Every hidden cell shows its exact mine probability while an AI plays the safest move.
Each revealed number is a constraint on its hidden neighbours, so the frontier becomes a small constraint satisfaction problem. The oracle splits it into independent regions, counts every consistent mine layout in each by backtracking with pruning, and tallies the counts by how many mines a layout uses. Layouts are not equally likely: one that uses k mines leaves the rest to be spread over the U unconstrained cells in C(U, M - k) ways, so convolving the regions' tables and weighting by that binomial gives the exact posterior for every cell, drawn as a heat tint from mint to red. The AI flags every certain mine, reveals every proven-safe cell, and when nothing is certain it pauses on the least dangerous cell, shows the odds and takes the guess.
Try it. Click to reveal and right-click or Shift-click to flag; clicking a satisfied number reveals around it. Toggle the oracle overlay (O) or the AI (A), press Space for a single AI move, N for a new game and D to switch between Beginner, Intermediate and Expert. Hover a hidden cell to read its probability. Leave it alone and the AI takes over again.
Paste this into Claude Code, Codex or any coding agent to get a simple version running, then take it wherever you like.
Build a Minesweeper game in JavaScript and the HTML canvas element where every hidden cell is tinted by its exact probability of being a mine, and an AI plays by always clicking the safest cell. Put everything in a single index.html file with no libraries or build step, so I can open it directly in a browser.
Start simple:
- Make a 16 x 16 board with 40 mines on a canvas that stays sharp on high-DPI screens. Place the mines after the first click so it is always safe, flood-fill openings from zero cells, and support right-click flags.
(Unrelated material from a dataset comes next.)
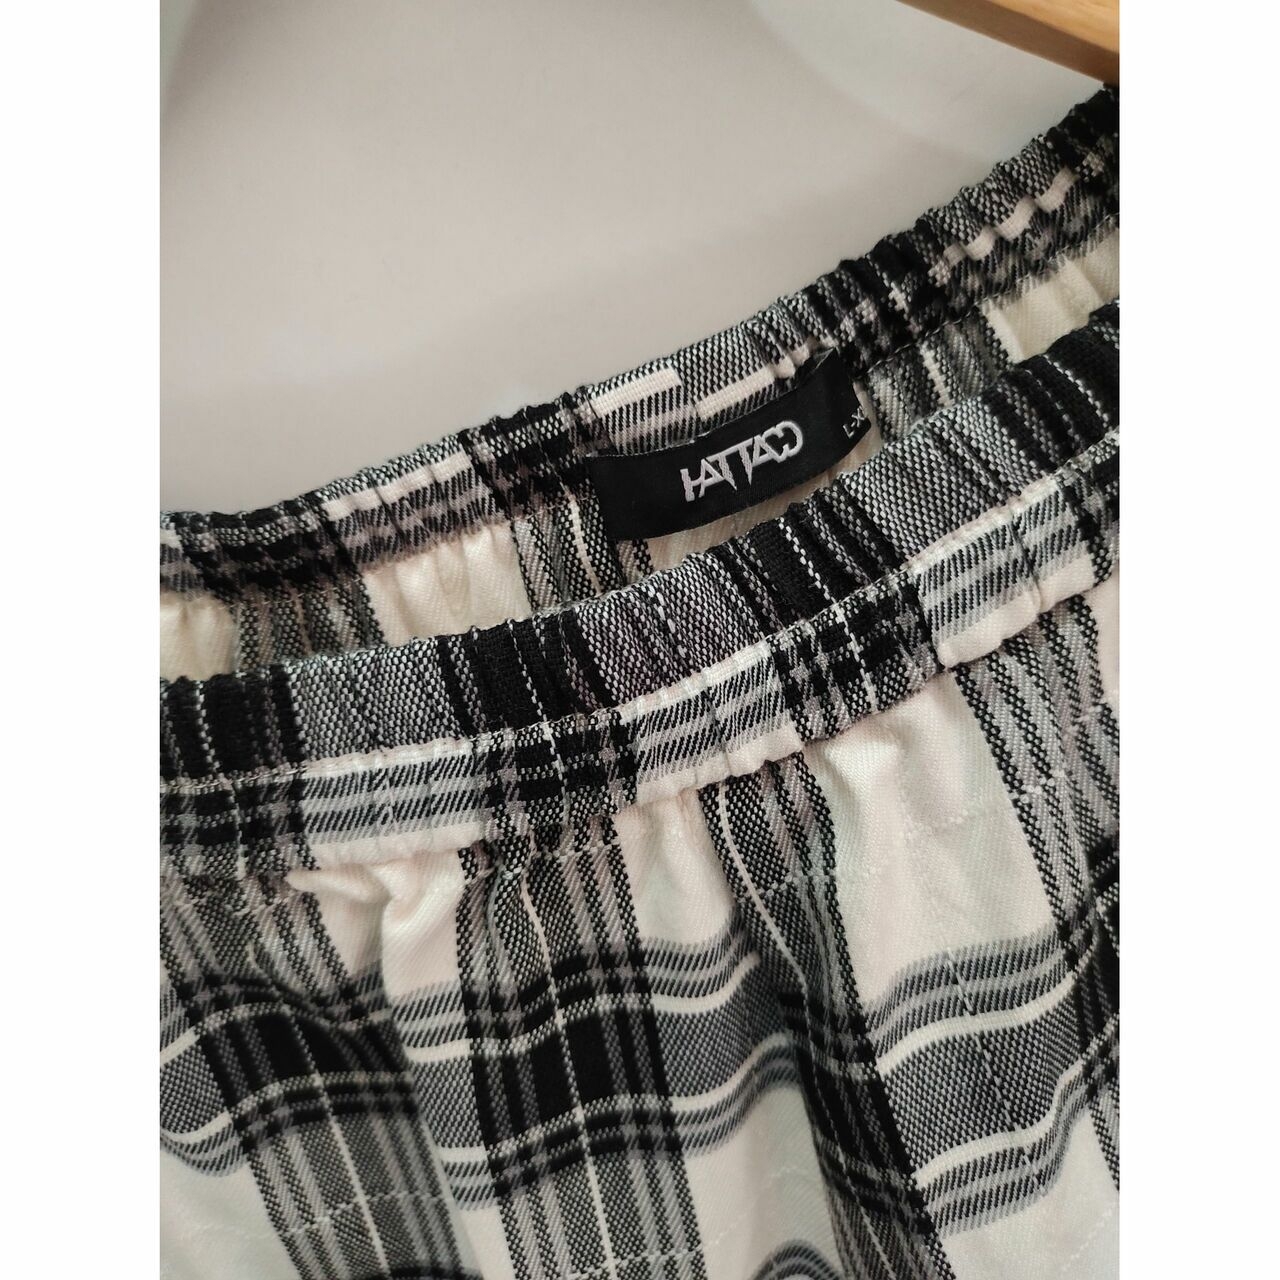 Hattaco Black & White Plaid Maxi Skirt

- The frontier is every hidden cell next to a revealed number, and each number says how many mines its hidden neighbours hold. Enumerate every mine assignment to the frontier that satisfies all the numbers, with backtracking that abandons a branch as soon as any number is over or under its count.
- Assignments are not equally likely. One that uses k mines leaves the rest to be spread over the U hidden cells that touch no number, in C(U, remaining - k) ways, so weight it by that binomial (use log factorials). A cell's probability is its weighted share of assignments with a mine there; the unconstrained cells share the leftover expected mines.
- Tint hidden cells from green (safe) to red (certain mine) and print the percentage on frontier cells.
Once that works, make it beautiful and smart:
- Add an AI that reveals 0% cells, flags 100% cells, and otherwise clicks the safest cell, with an animated cursor and a label like 'safest is 18.5%'.
- Split the frontier into independent groups, enumerate each separately and combine their tables by convolution, so Expert boards stay fast.
- Animate openings as a ripple and add a seven-segment mine counter.
Explain the key ideas in short code comments. When you're done, tell me how to open it and suggest three directions I could take it next, such as spreading the search over animation frames for huge frontiers, measuring the AI's win rate over thousands of games, or breaking ties between equally safe cells by expected information gain.